Modernising Reinforcement Learning-Based Navigation for Embodied Semantic Scene Graph Generation

arXiv cs.AI / 3/27/2026

💬 OpinionSignals & Early TrendsIdeas & Deep AnalysisModels & Research

共有:

Key Points

The paper addresses how embodied agents can efficiently generate semantic scene graphs (SSGs) by navigating under limited action budgets, balancing information gain against navigation cost.
It introduces a modular navigation component for Embodied SSG generation and modernizes decision-making via a revised discrete action formulation and policy architecture choices (single-head atomic vs factorised multi-head over action components).
Experiments study compact vs finer-grained motion sets, evaluate curriculum learning, and optionally add depth-based collision supervision to improve safety.
Results indicate that swapping the optimization algorithm alone boosts SSG completeness by 21% versus the baseline under the same reward shaping, while depth supervision mainly improves execution safety rather than completeness.
The best performance comes from combining modern optimization with a finer-grained, factorised action representation, achieving the strongest completeness–efficiency trade-off.

Abstract

Semantic world models enable embodied agents to reason about objects, relations, and spatial context beyond purely geometric representations.
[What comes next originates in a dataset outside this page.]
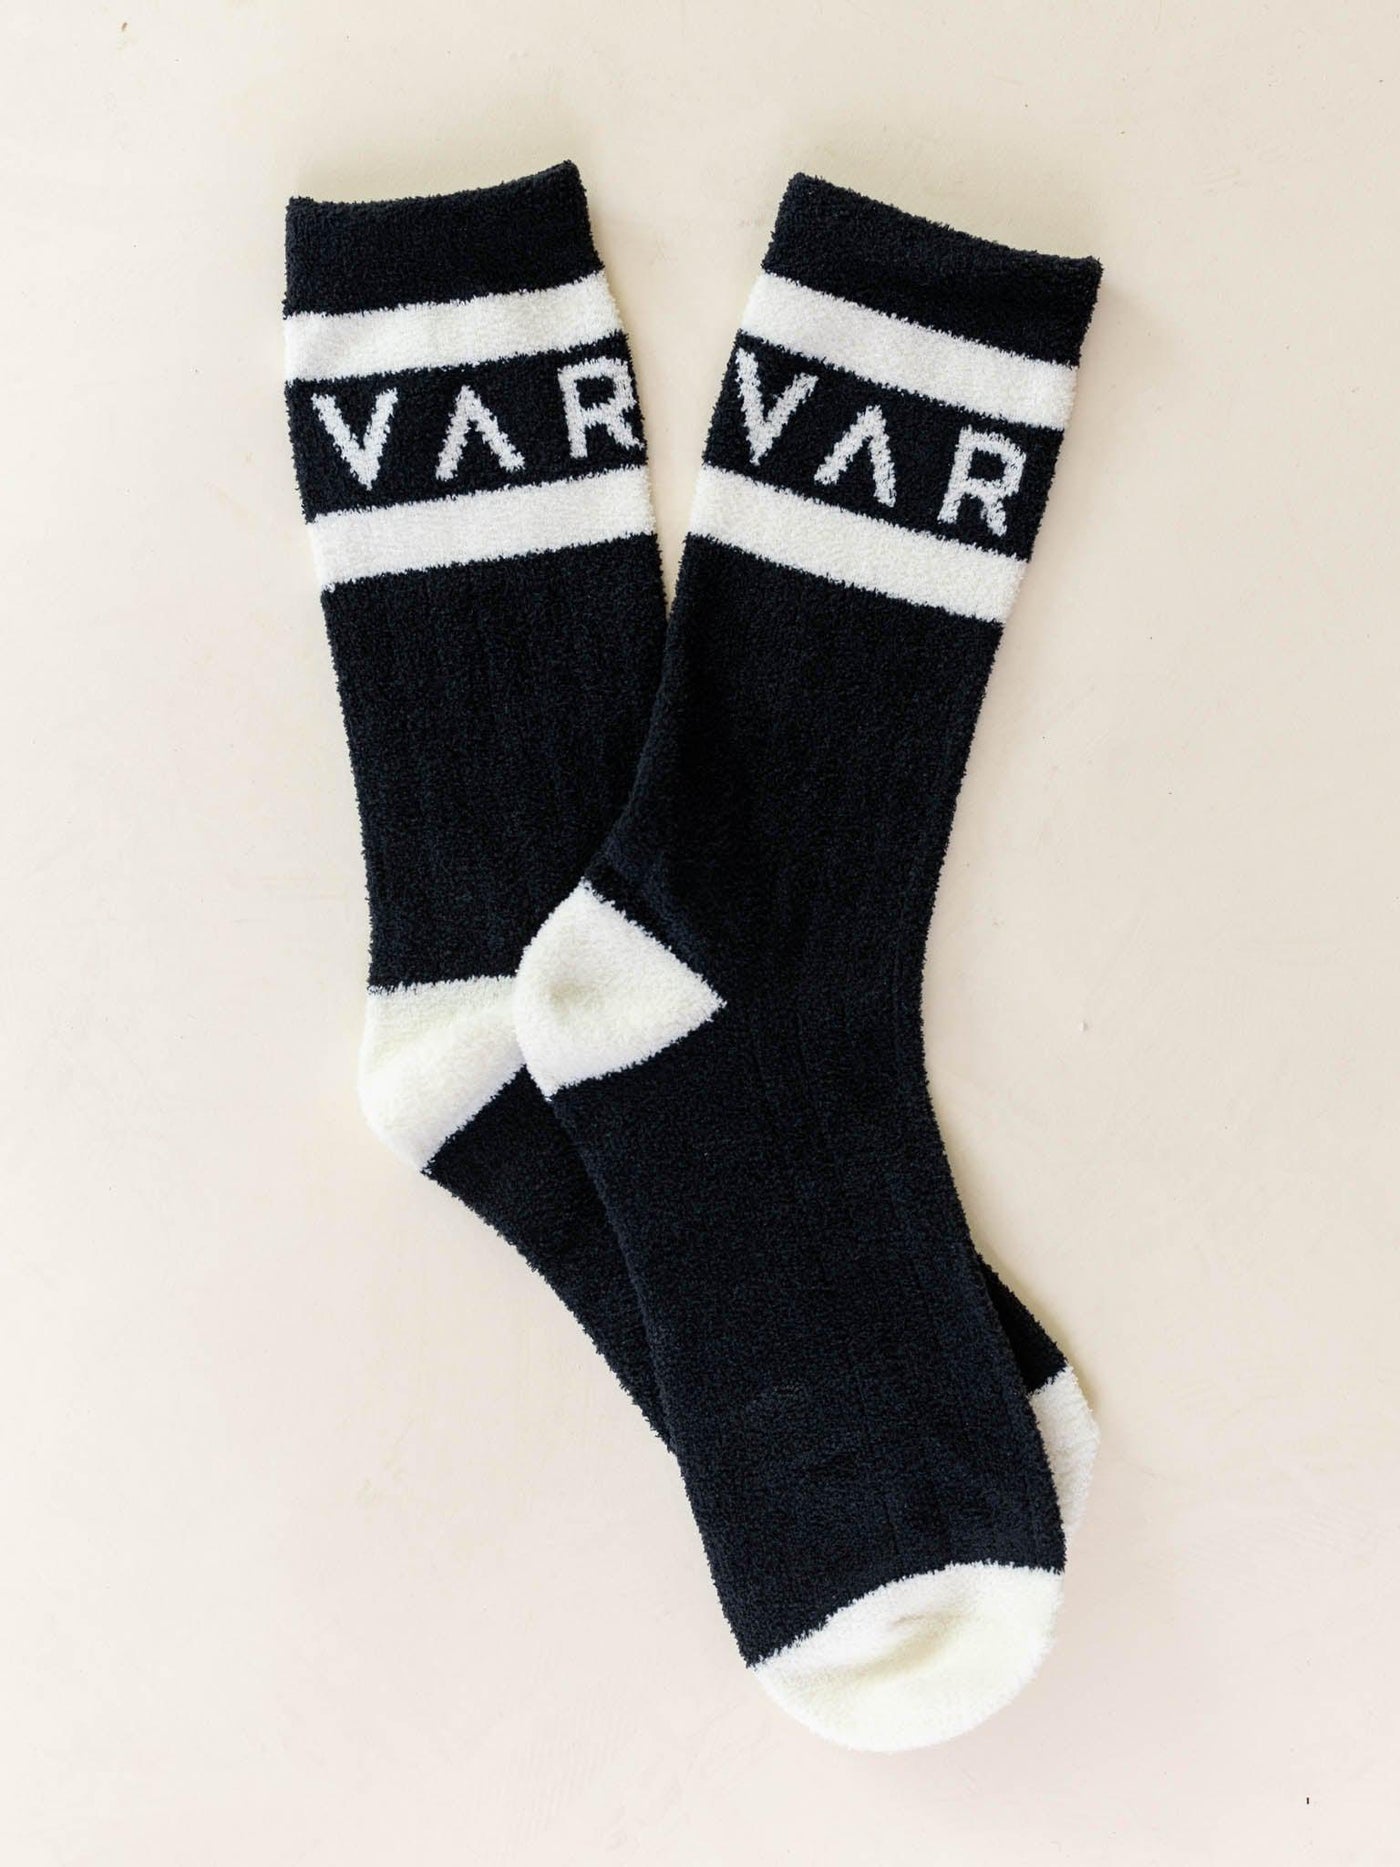 Varley Spencer Sock

In Organic Computing, such models are a key enabler for objective-driven self-adaptation under uncertainty and resource constraints. The core challenge is to acquire observations maximising model quality and downstream usefulness within a limited action budget. Semantic scene graphs (SSGs) provide a structured and compact representation for this purpose. However, constructing them within a finite action horizon requires exploration strategies that trade off information gain against navigation cost and decide when additional actions yield diminishing returns. This work presents a modular navigation component for Embodied Semantic Scene Graph Generation and modernises its decision-making by replacing the policy-optimisation method and revisiting the discrete action formulation. We study compact and finer-grained, larger discrete motion sets and compare a single-head policy over atomic actions with a factorised multi-head policy over action components. We evaluate curriculum learning and optional depth-based collision supervision, and assess SSG completeness, execution safety, and navigation behaviour. Results show that replacing the optimisation algorithm alone improves SSG completeness by 21\% relative to the baseline under identical reward shaping. Depth mainly affects execution safety (collision-free motion), while completeness remains largely unchanged. Combining modern optimisation with a finer-grained, factorised action representation yields the strongest overall completeness--efficiency trade-off.